Create and compile the Keras model in the context of strategy.scope.

with strategy.scope():
  model = tf.keras.Sequential([
      tf.keras.layers.Conv2D(32, 3, activation='relu', input_shape=(28, 28, 1)),
      tf.keras.layers.MaxPooling2D(),
      tf.keras.layers.Flatten(),
      tf.keras.layers.Dense(64, activation='relu'),
      tf.keras.layers.Dense(10, activation='softmax')
  ])
  
  model.compile(loss='sparse_categorical_crossentropy',
                optimizer=tf.keras.optimizers.Adam(),
                metrics=['accuracy'])

Define the callbacks.

The callbacks used here are:

  • Tensorboard: This callback writes a log for Tensorboard which allows you to visualize the graphs.
  • Model Checkpoint: This callback saves the model after every epoch.
  • Learning Rate Scheduler: Using this callback, you can schedule the learning rate to change after every epoch/batch.

For illustrative purposes, add a print callback to display the learning rate in the notebook.

# Define the checkpoint directory to store the checkpoints

checkpoint_dir = './training_checkpoints'
# Name of the checkpoint files
checkpoint_prefix = os.path.join(checkpoint_dir, "ckpt_{epoch}")
# Function for decaying the learning rate.
# You can define any decay function you need.
def decay(epoch):
  if epoch < 3:
    return 1e-3
  elif epoch >= 3 and epoch < 7:
    return 1e-4
  else:
    return 1e-5
# Callback for printing the LR at the end of each epoch.
class PrintLR(tf.keras.callbacks.Callback):
  def on_epoch_end(self, epoch, logs=None):
    print ('\nLearning rate for epoch {} is {}'.format(epoch + 1, 
                                                       model.optimizer.lr.numpy()))
callbacks = [
    tf.keras.callbacks.TensorBoard(log_dir='./logs'),
    tf.keras.callbacks.ModelCheckpoint(filepath=checkpoint_prefix, 
                                       save_weights_only=True),
    tf.keras.callbacks.LearningRateScheduler(decay),
    PrintLR()
]

Train and evaluate

Now, train the model in the usual way, calling fit on the model and passing in the dataset created at the beginning of the tutorial. This step is the same whether you are distributing the training or not.
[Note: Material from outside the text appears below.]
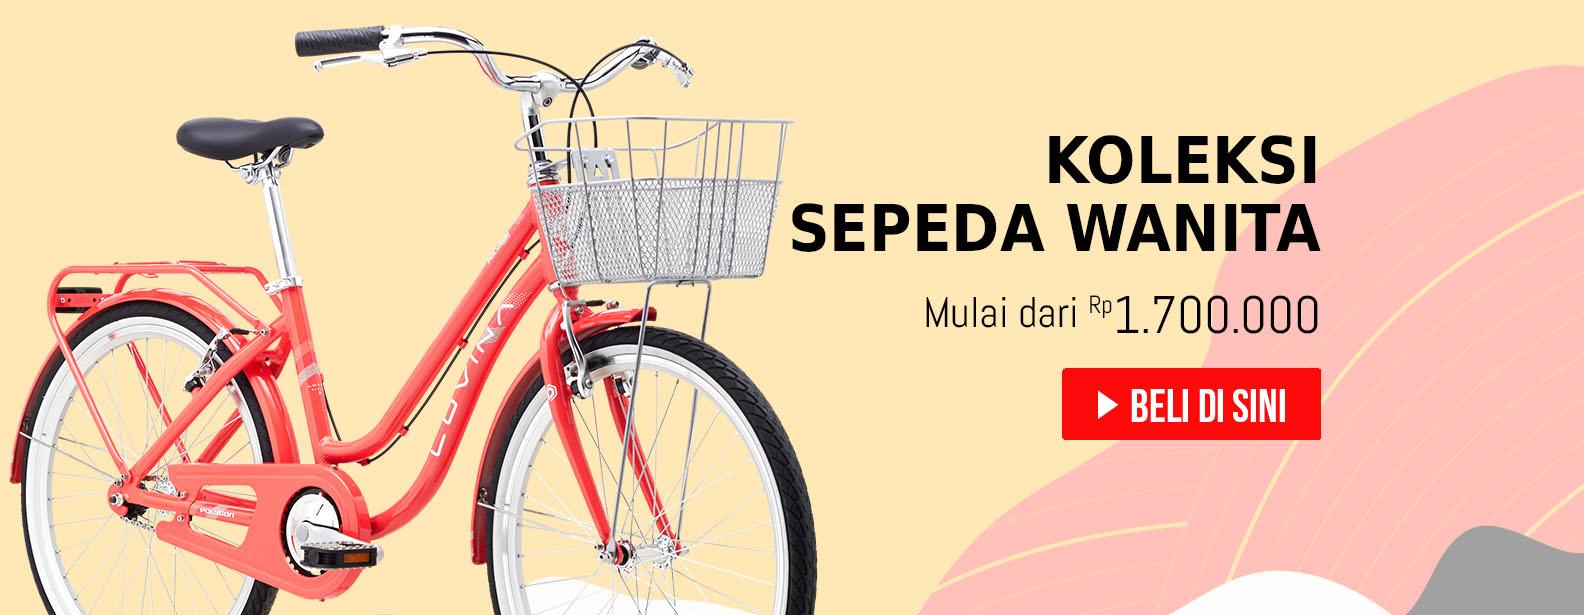 Koleksi Sepeda Wanita

model.fit(train_dataset, epochs=10, callbacks=callbacks)
W0307 18:20:44.069839 140066264610560 distributed_training_utils.py:182] Your input callback is not one of the predefined Callbacks that supports DistributionStrategy. You might encounter an error if you access one of the model's attributes as part of the callback since these attributes are not set. You can access each of the individual distributed models using the `_grouped_model` attribute of your original model.
W0307 18:20:44.071910 140066264610560 distributed_training_utils.py:182] Your input callback is not one of the predefined Callbacks that supports DistributionStrategy. You might encounter an error if you access one of the model's attributes as part of the callback since these attributes are not set. You can access each of the individual distributed models using the `_grouped_model` attribute of your original model.
W0307 18:20:44.073302 140066264610560 distributed_training_utils.py:182] Your input callback is not one of the predefined Callbacks that supports DistributionStrategy. You might encounter an error if you access one of the model's attributes as part of the callback since these attributes are not set. You can access each of the individual distributed models using the `_grouped_model` attribute of your original model.
W0307 18:20:44.074583 140066264610560 distributed_training_utils.py:182] Your input callback is not one of the predefined Callbacks that supports DistributionStrategy. You might encounter an error if you access one of the model's attributes as part of the callback since these attributes are not set. You can access each of the individual distributed models using the `_grouped_model` attribute of your original model.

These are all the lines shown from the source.